Layers of sand, layers of history

Lines in sandstone caused by natural weathering. Despite the visual similarity they are not runes.
Lines in sandstone caused by natural weathering. Despite the visual similarity they are not runes.
Lines in sandstone caused by natural weathering. Despite the visual similarity they are not runes.
Reverse side of stone. Lines in sandstone caused by natural weathering. Despite the visual similarity they are not runes.

Beach combing in Burray

Burray is an exciting place for beach combers: Along a wide, beautifully arched bay, the layers of history are as evident at the layers of sand.

At one end of the bay is the old parish church, a bit further on is a big old farm with a Georgian period farmhouse. It has clearly been prime farmland and a site of some importance since the Middle Ages at least, because Pictish and Norse artefacts have been found there, including an amazing little human figure depicted on bone.

Is it runes?

From the beach, I picked up a beautiful sandstone with parallel, vertical lines on it. It is of the same kind that people sometimes take in to show me, asking “Is it runes?”

However, it is not runes. While the parallel lines are visually similar to the upright staves of runic writing, these are caused by natural weathering. The way to tell is that when you turn the stone around, you see that the same lines go all the way through. They are therefore part of the stone, and not man-made.

However, I will have some news about real runes from here in due course, once my article on the find has been published. Leaving that here as a cliffhanger …

Chris rescues the beir-trees
Chris rescues the beir-trees
The pair of beir-trees set hopefully safely under the roof.
The pair of beir-trees set hopefully safely under the roof.

Lots of bruck!

All sorts of weird stuff washes up on Orkney beaches.

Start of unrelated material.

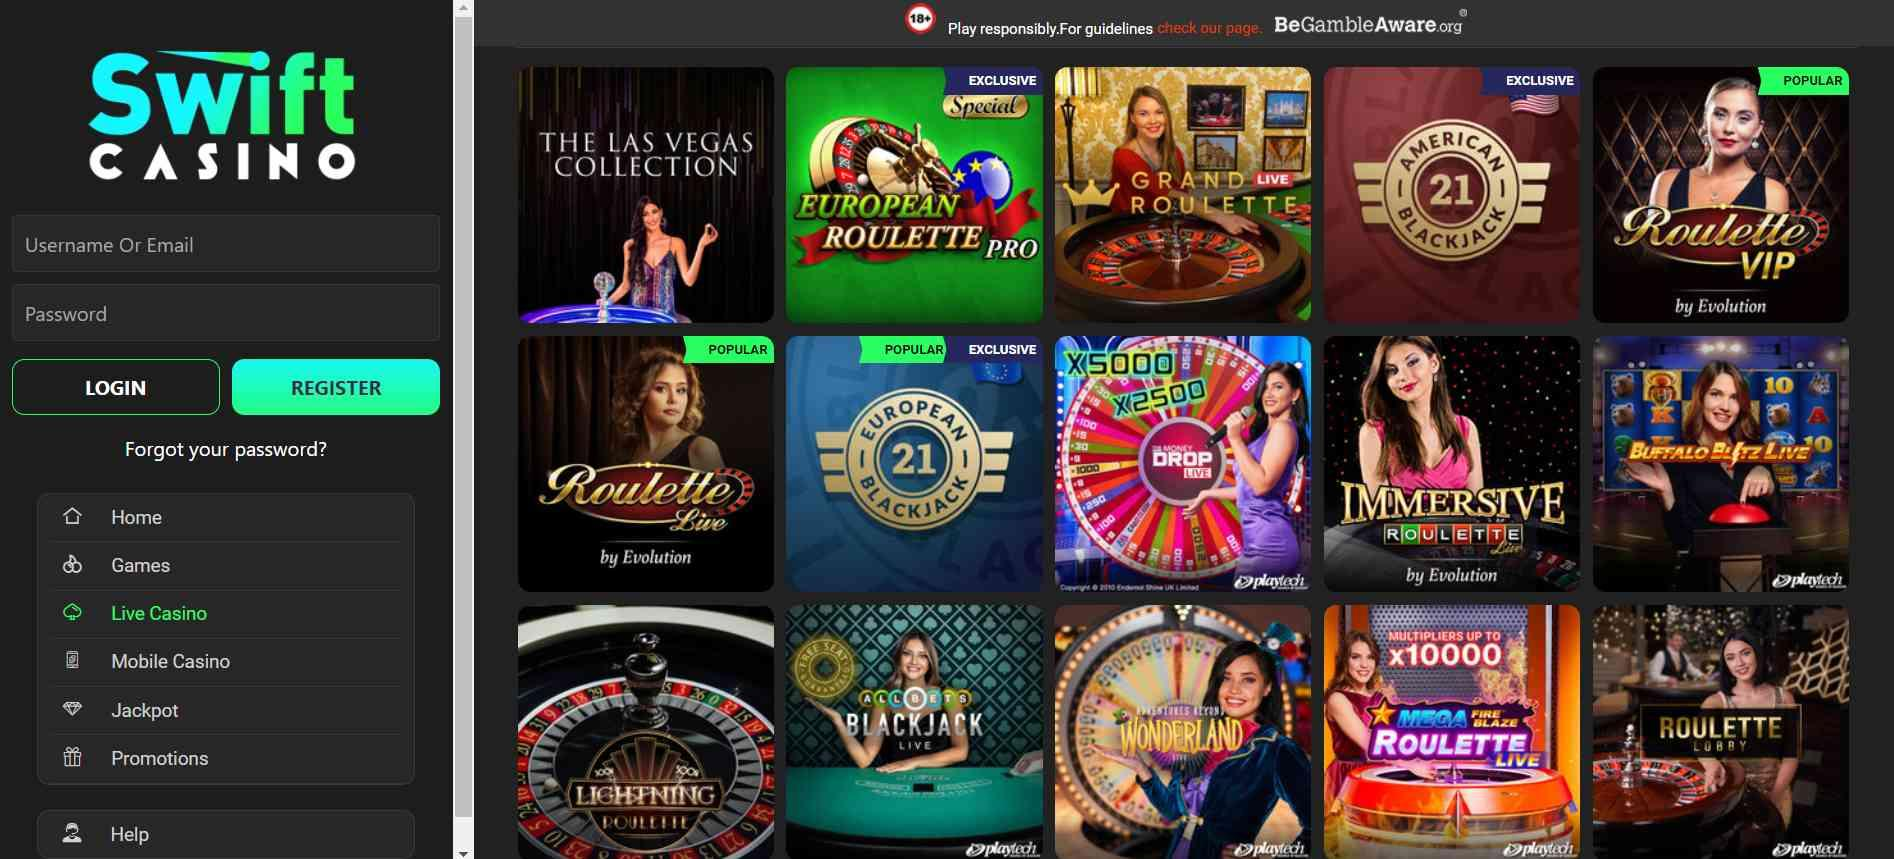 Swift Casino Live Casino Selection

I could listen for hours to our keenest beach comber, Martin Gray, who can identify lobster creel tags from Florida, tropical seeds carried from the Gulf of Mexico, and the thousands of other passengers of the Gulf Stream. (Here is something I wrote about that in 2016).

Today’s most exciting find, at least for our eight-year-old, was a modern arrow.

The most exciting find for us adults was a fragment of a Norse period steatite cooking vessel, with beautiful chip marks where the tools had cut and shaped it, and clear scorch marks on the outside surface.

The star find

The star find of the day, however, was hiding in the church ruin. In a little extension that still had the roof on it, Chris found a fascinating pair of “beir-trees”.

Beir-trees are two long poles, like a stretcher without a middle, used for carrying a coffin from the home to the churchyard. Chris picked them up and set them up under the roof rafters, to keep them off the damp earth of the floor. Hopefully this will keep them dry and preserve them for a good few years yet.

Beir-trees are a lovely reminder of a time when funeral processions walked through the Orkney landscape, instead of driving.

When the burden got too heavy, or it was time to change bearers, they would set the beir-trees and coffin down on a “wheelan stane” – a resting stone. These were dotted about the routes leading to parish churches all over Orkney, because it was bad luck to set the coffin down on bare soil: The Devil may reach up from underneath and snatch the soul!